TASK REQUIREMENTS >>
Exactly the lines below, starting with the one containing "Freckles Shikyuukou no" and going on through the one containing "Sailing boats on", must be reproduced, both ends included, and no pictures with them.

STORED DATA >>
= = = =

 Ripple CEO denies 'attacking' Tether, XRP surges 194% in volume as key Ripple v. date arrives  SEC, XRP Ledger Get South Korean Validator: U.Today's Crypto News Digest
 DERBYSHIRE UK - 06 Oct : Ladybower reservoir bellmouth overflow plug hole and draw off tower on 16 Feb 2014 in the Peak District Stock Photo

= = = =

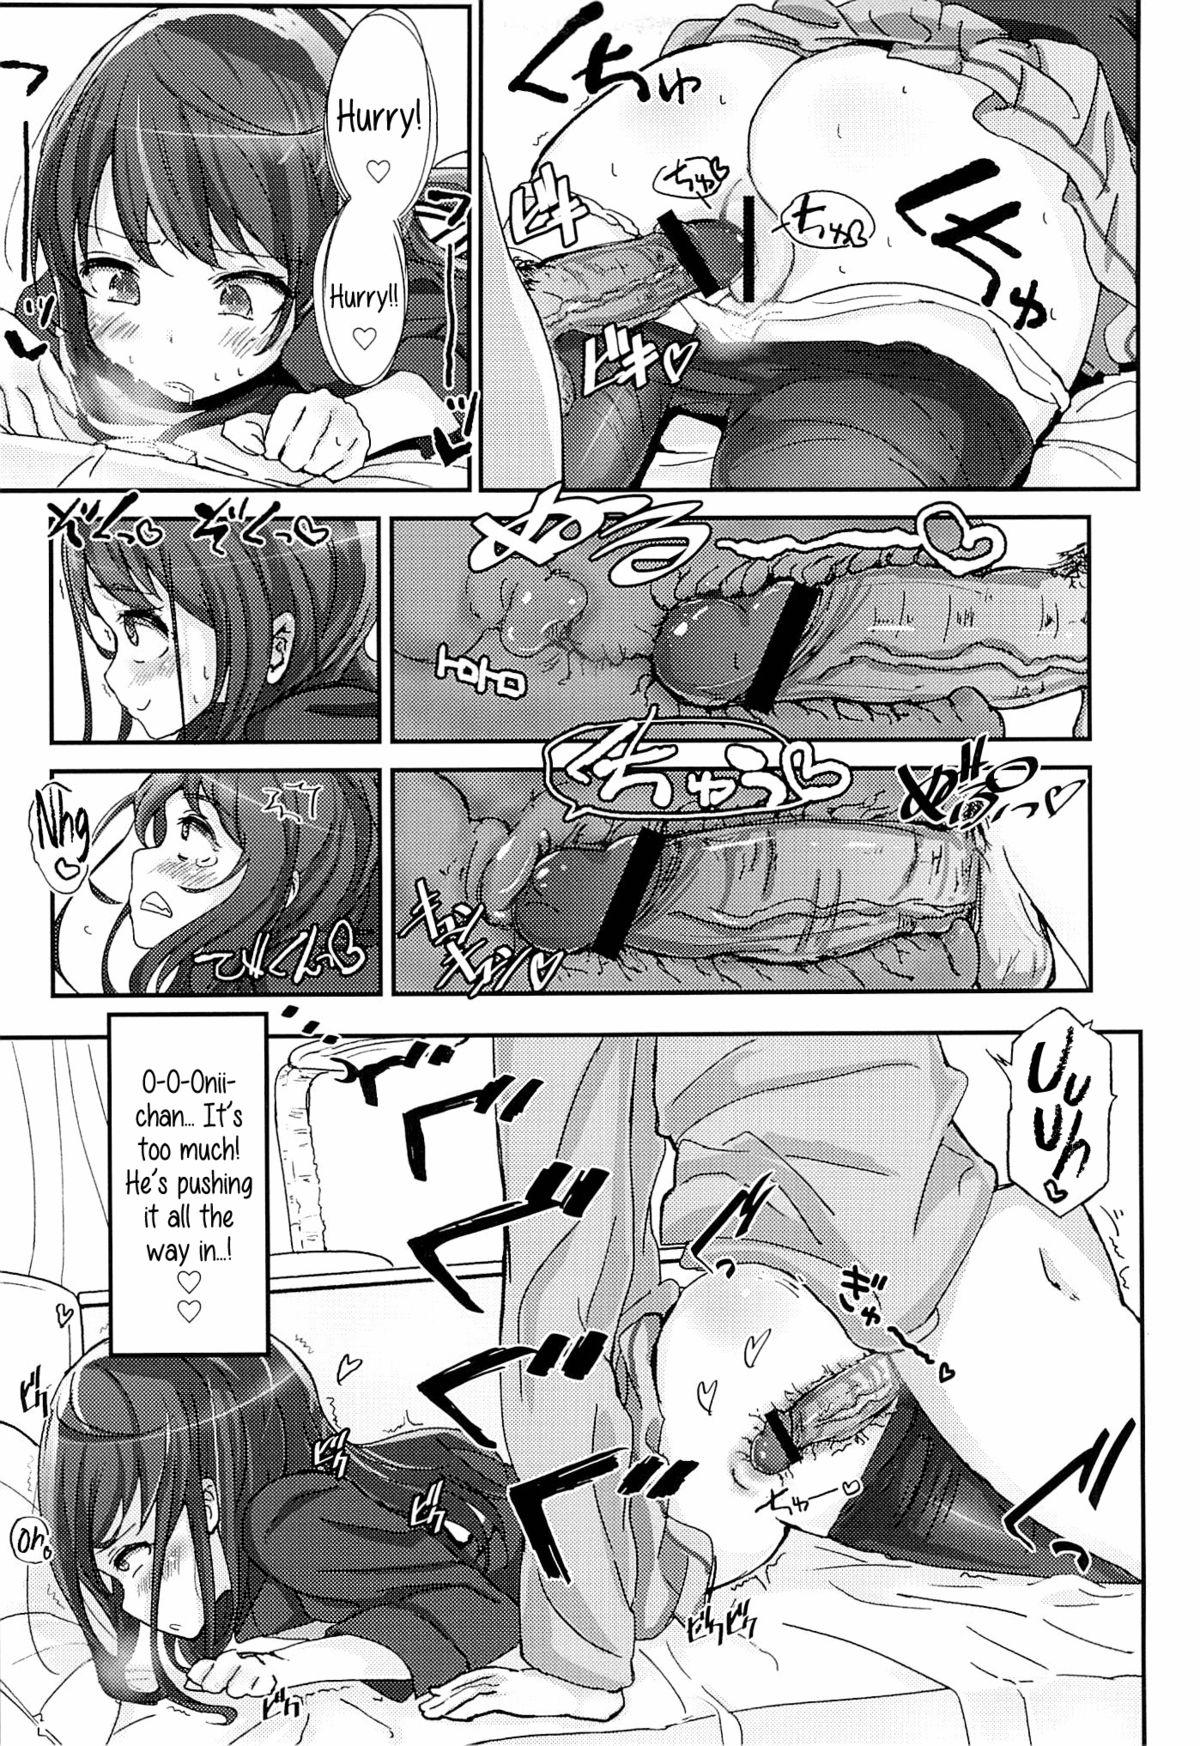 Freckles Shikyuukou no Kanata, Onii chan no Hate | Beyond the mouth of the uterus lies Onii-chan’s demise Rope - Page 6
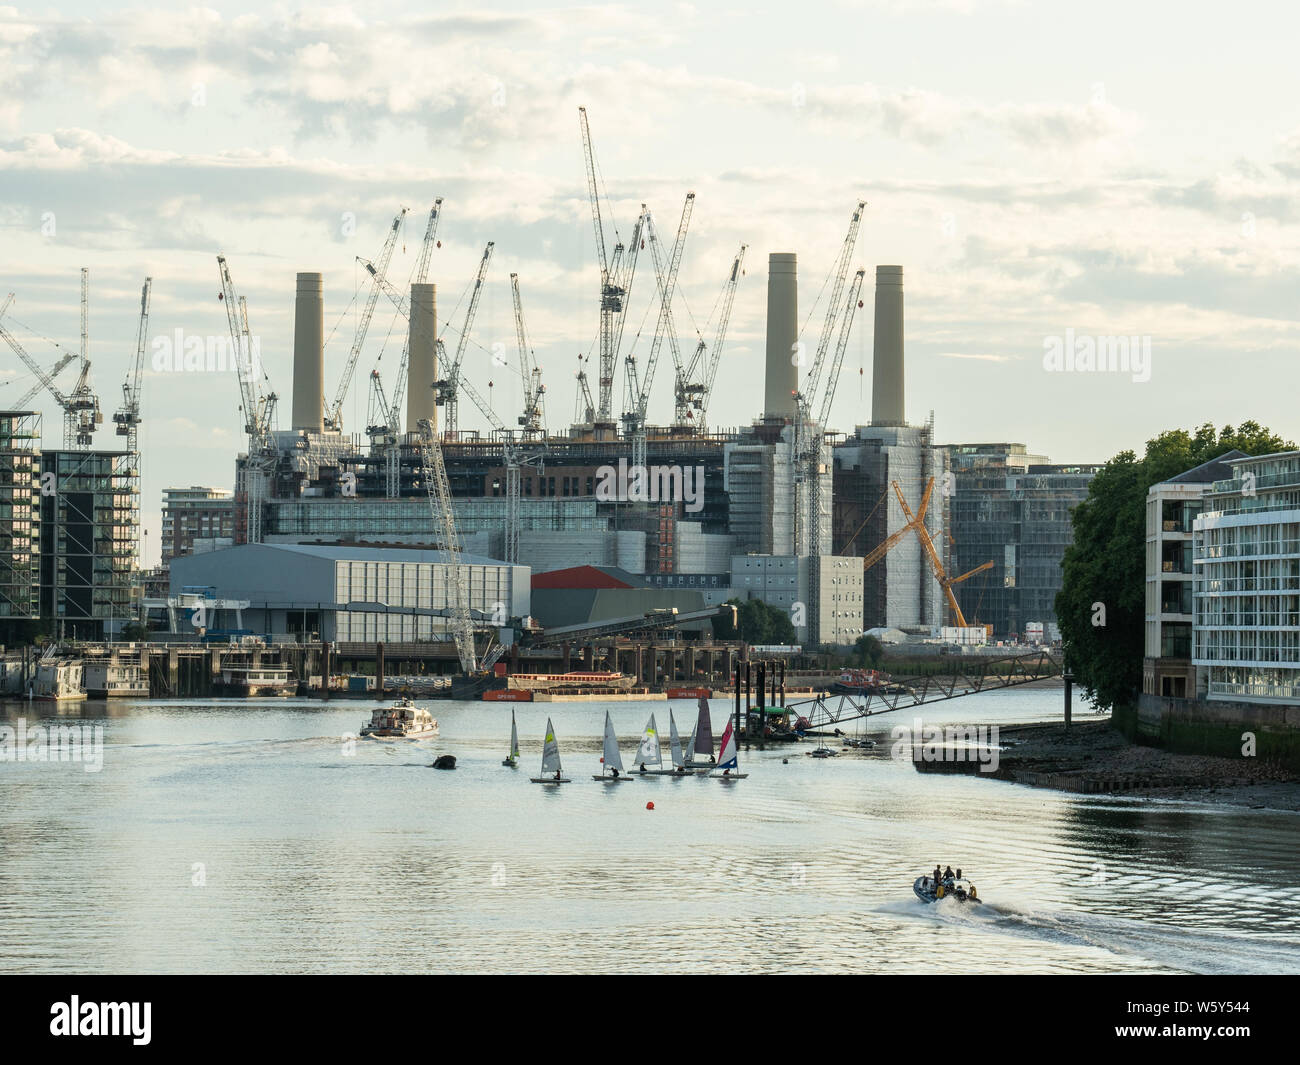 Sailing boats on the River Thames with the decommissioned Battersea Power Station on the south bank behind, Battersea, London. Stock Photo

= = = =

THE ANSWER >>
 Freckles Shikyuukou no Kanata, Onii chan no Hate | Beyond the mouth of the uterus lies Onii-chan’s demise Rope - Page 6
 Sailing boats on the River Thames with the decommissioned Battersea Power Station on the south bank behind, Battersea, London. Stock Photo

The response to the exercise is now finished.